Skip to main content

BytellHashTable

Struct BytellHashTable 

Source
pub struct BytellHashTable<TKey, TValue, TConfig>
where TKey: Eq + Hash, TConfig: BytellConfig,
{ /* private fields */ }
Expand description

§The Bytell Hash Table

The bytell (byte linked list) hash table is an algorithm by Malte Skarupke, which we implement here in Rust.

The overview of the algorithm can be found here: A new fast hash table in response to Google’s new fast hash table

And Matle Skarupke’s C++ implementation can be found in he’s GitHub repository.

§Properties

The bytell hash table is optimized for memory usage, it uses 1 byte overhead per entry. Insetion, query and removal are quite fast as well.

§Basic layout

Bytell hash table internally is built from a contiguous sequence of blocks. The number of blocks is always a power of two, at any time.

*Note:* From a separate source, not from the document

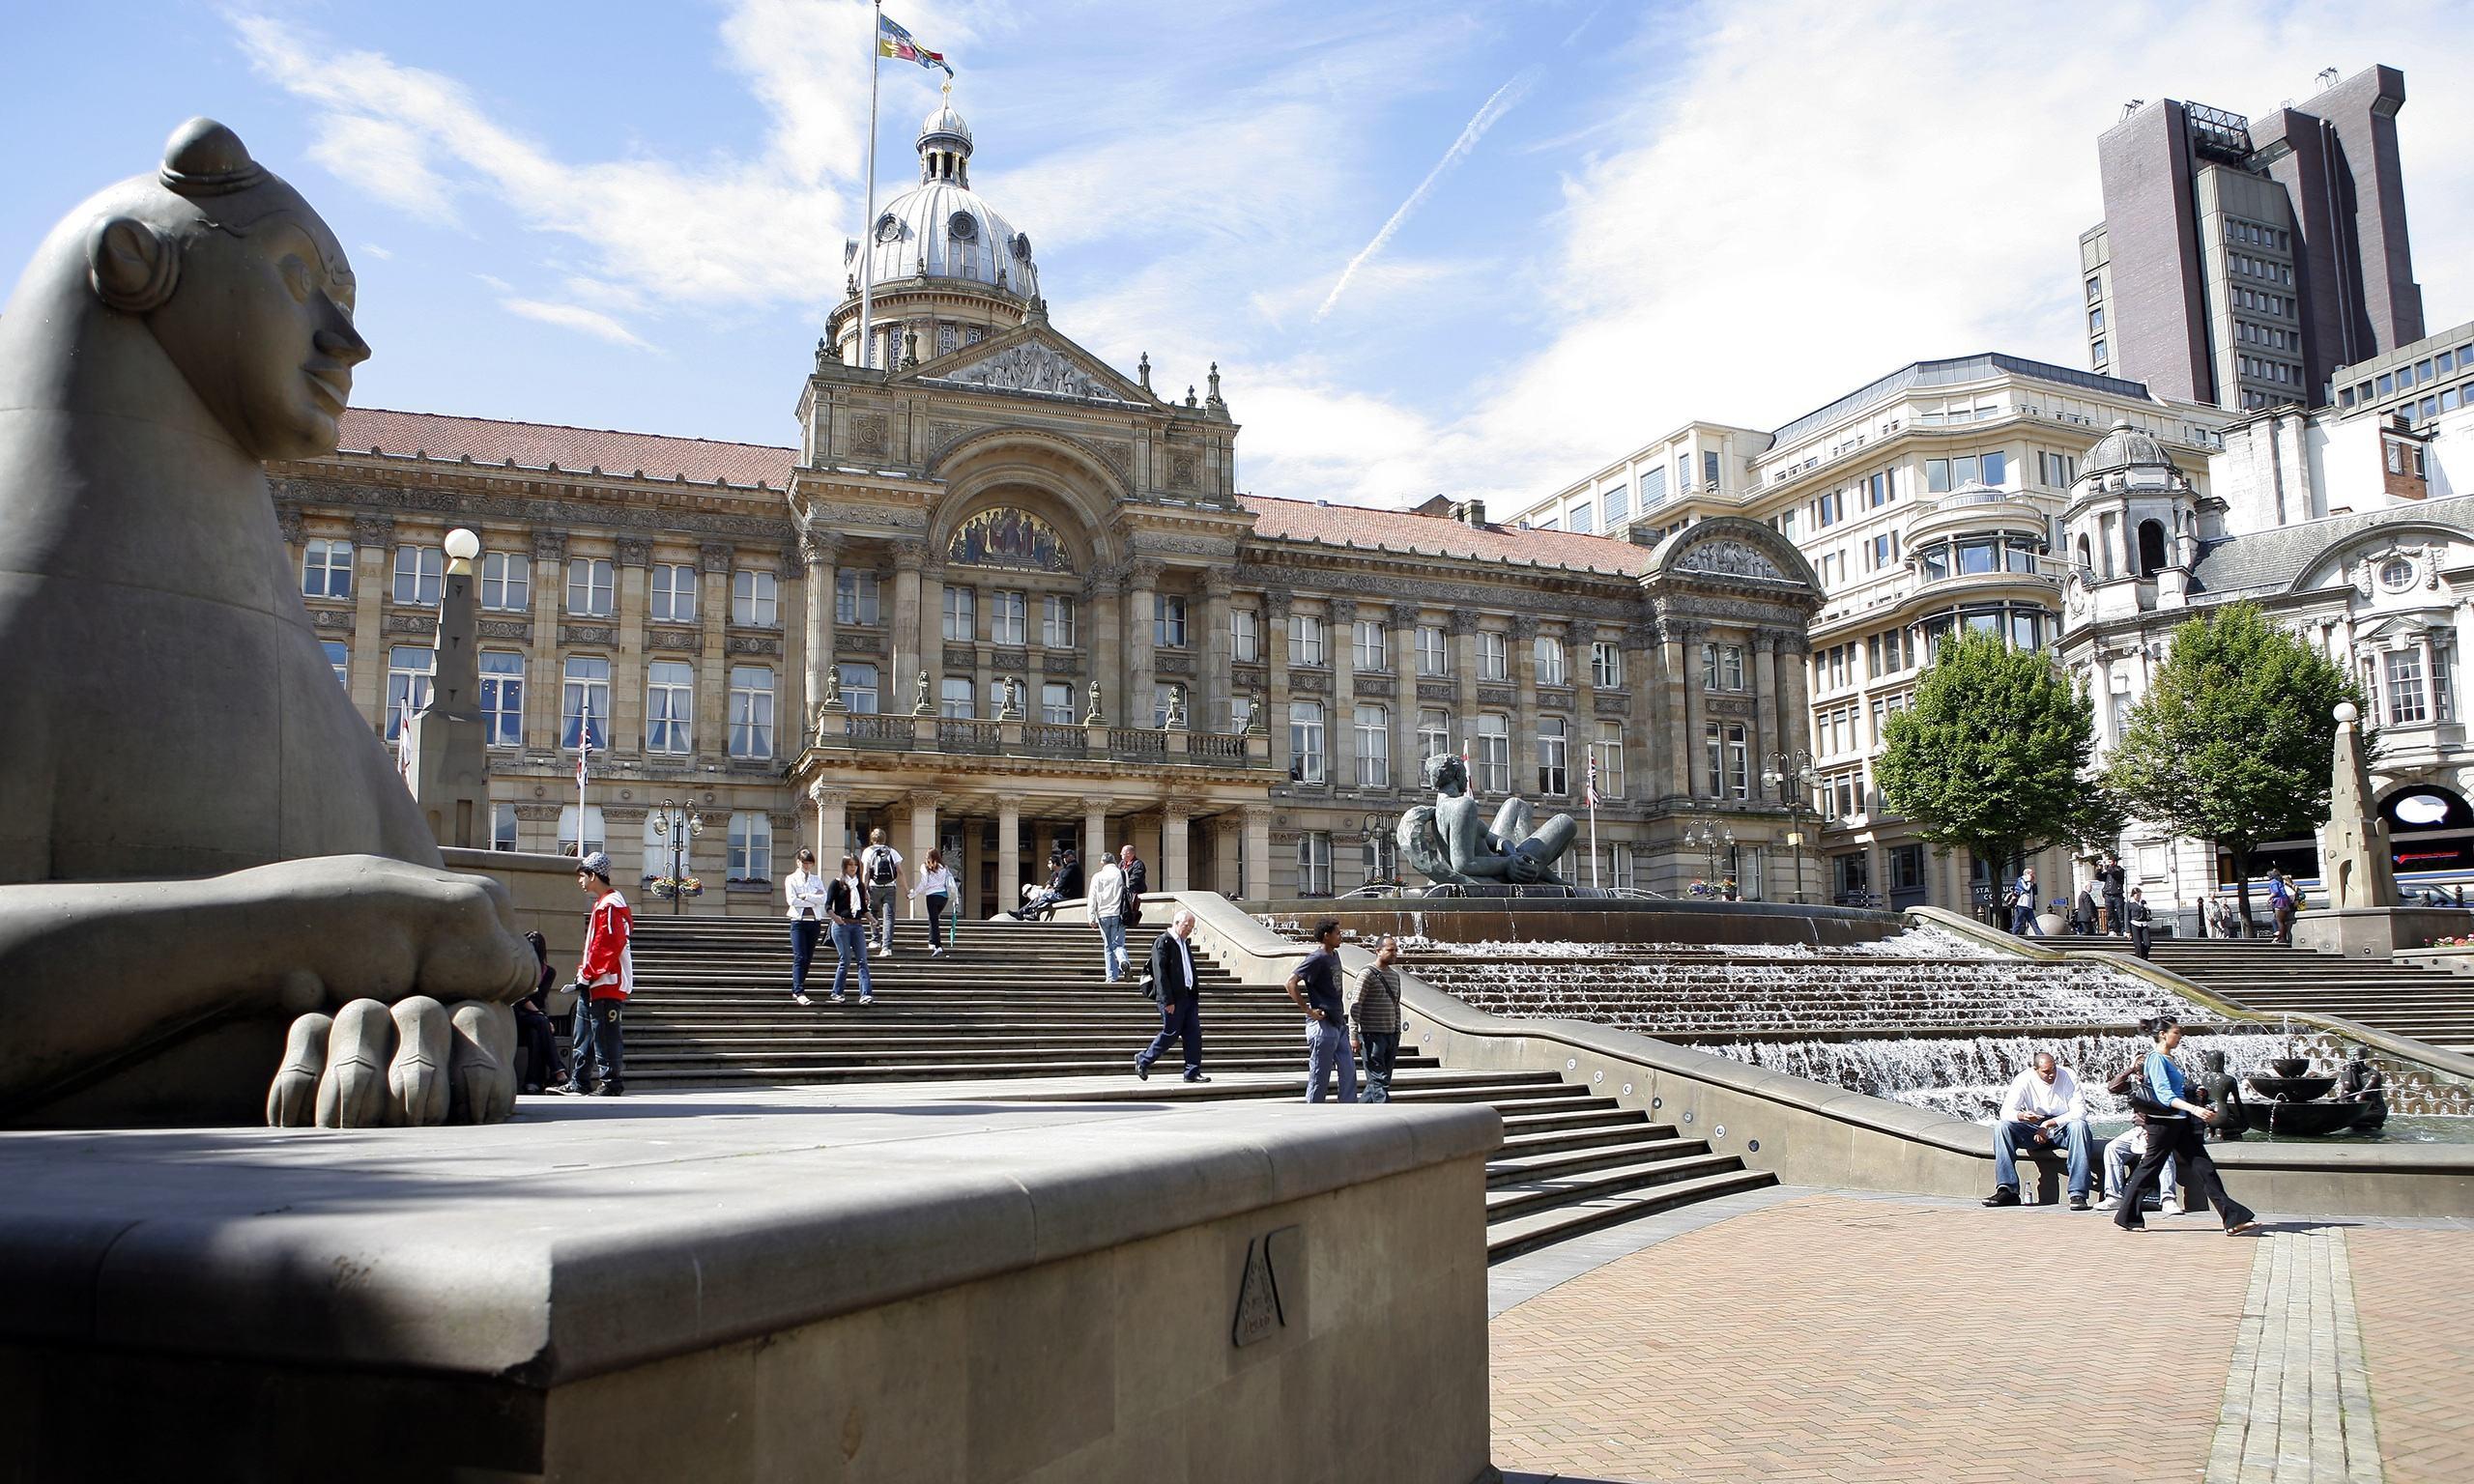 birmingham council must make capita contract open or risk

Each block is composed of N entries, where N is also a power of two, and it is fixed, depending on key and value types only. Typically N is a low number like 8 or 16.

A block entry is a triple (control_byte, key, value), where control_byte is a single byte (explained later), key is a comparable, hashable key and value is any value.

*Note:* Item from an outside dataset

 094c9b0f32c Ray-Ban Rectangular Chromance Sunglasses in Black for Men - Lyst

The exact layout of block is not a contiguous sequence of (control_byte, key, value) triples. On the contrary, we first store a sequence of N control bytes, and then a sequence of N key-value pairs. In particular N has to be at least the alignment of (key, value) pair (in reality it is at least 8 as well).

The capacity of bytell hash table is calculated as number_of_blocks * N. And so it is a power of two as well.

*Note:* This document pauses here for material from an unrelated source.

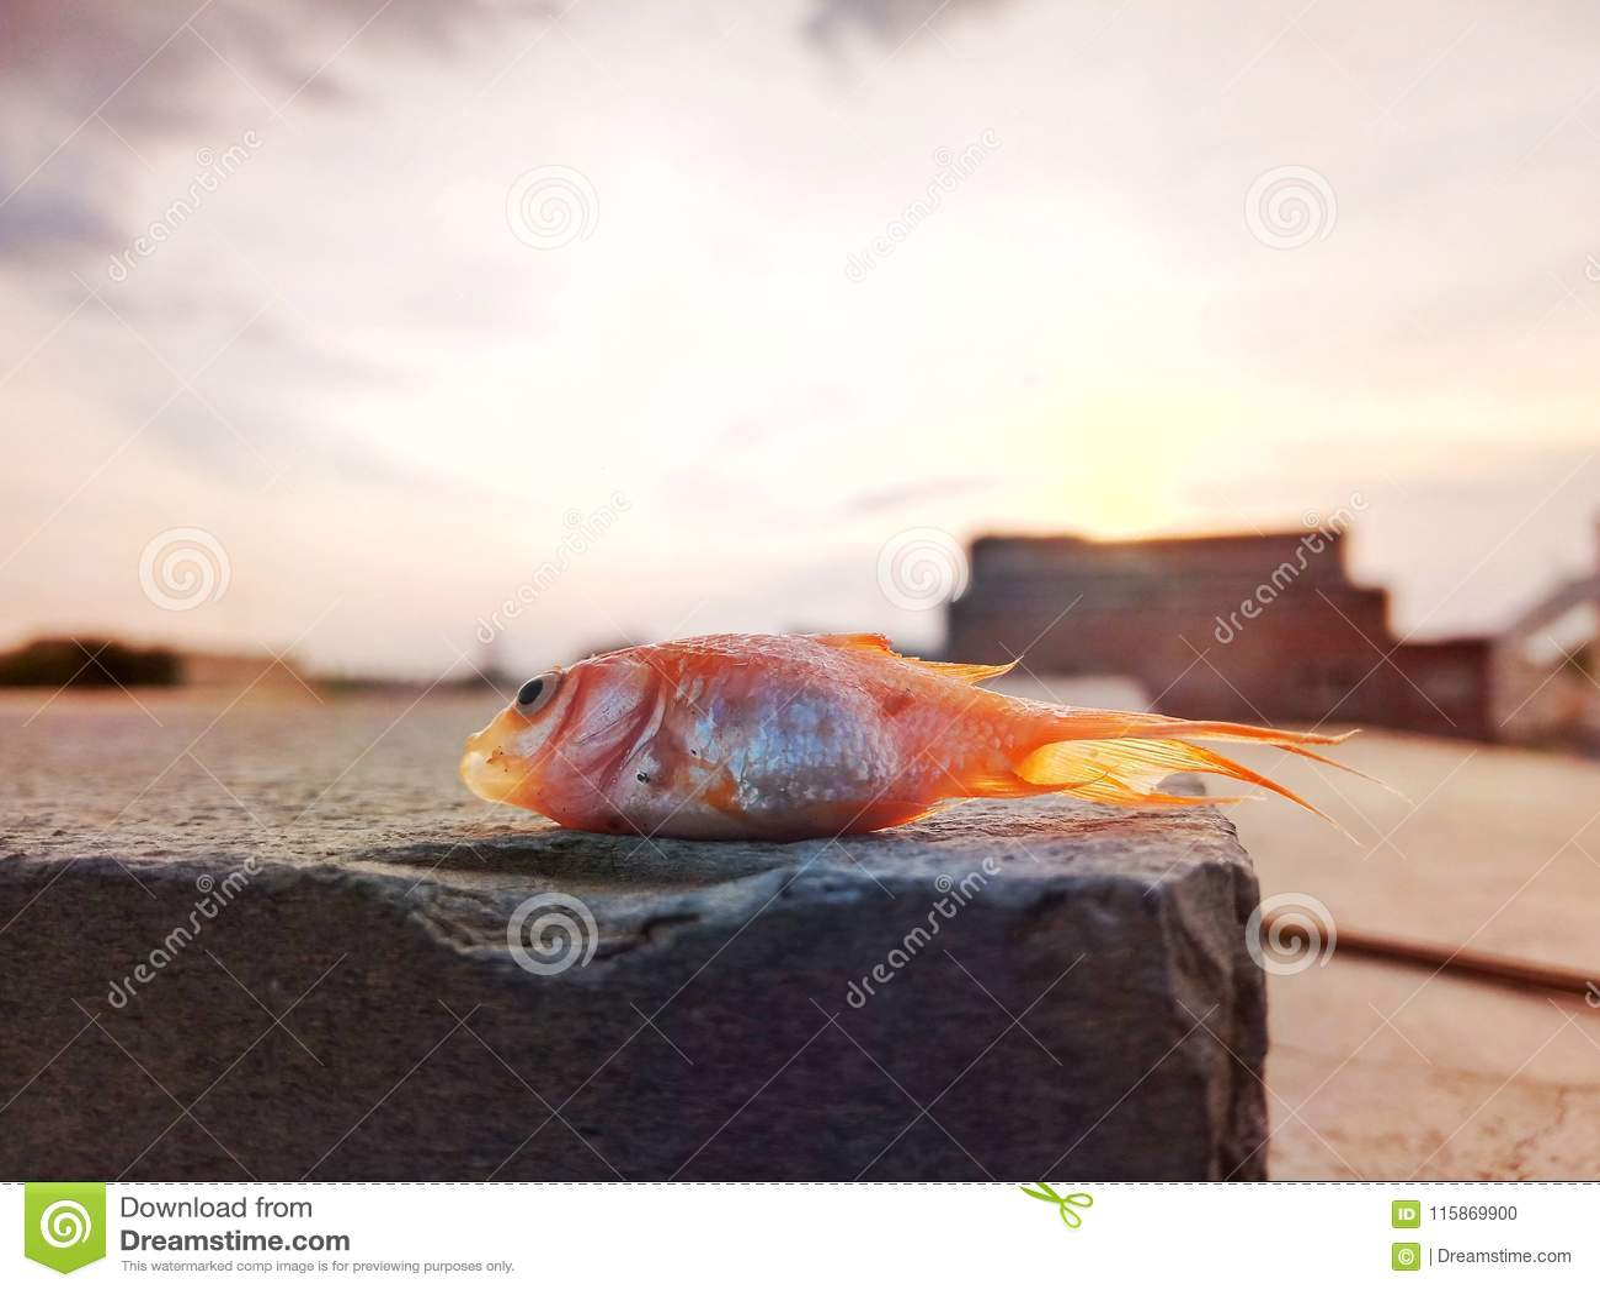 Dead gold fish

Additionally a hash function hash(x) is attached to the bytell hash table. And also a hash_to_index(x) function, which turns the hashed value into an index usable by the bytell hash table internally. The hash_to_index(x) value is guaranteed to be in 0..capacity range.

§control_byte

The control_byte is a byte (8-bit unsigned number) which is divided into two pieces:

  1. The first bit, if set, denotes that the entry is “direct”, meaning some hash maps exactly to this entry. If it is zero, then it is a “storage” entry, meaning it is used for storing a linked list of (key, value) pairs that share the hash. We will call this field control_byte.type.
  2. The remaining 7 bits are used as jump distance indexes. Given such an entry with non-zero jump distance index we can calculate the next item in the linked list by calculating an appropriate offset based on the index. So this field is a 7-bit integer denoted by control_byte.distance_index.

The distance_index is not an offset to the next entry. There’s an indirection: the distance_index retrieves the offset from a global static JUMP_DISTANCES array, where each distance is carefuly chosen for the highest quality.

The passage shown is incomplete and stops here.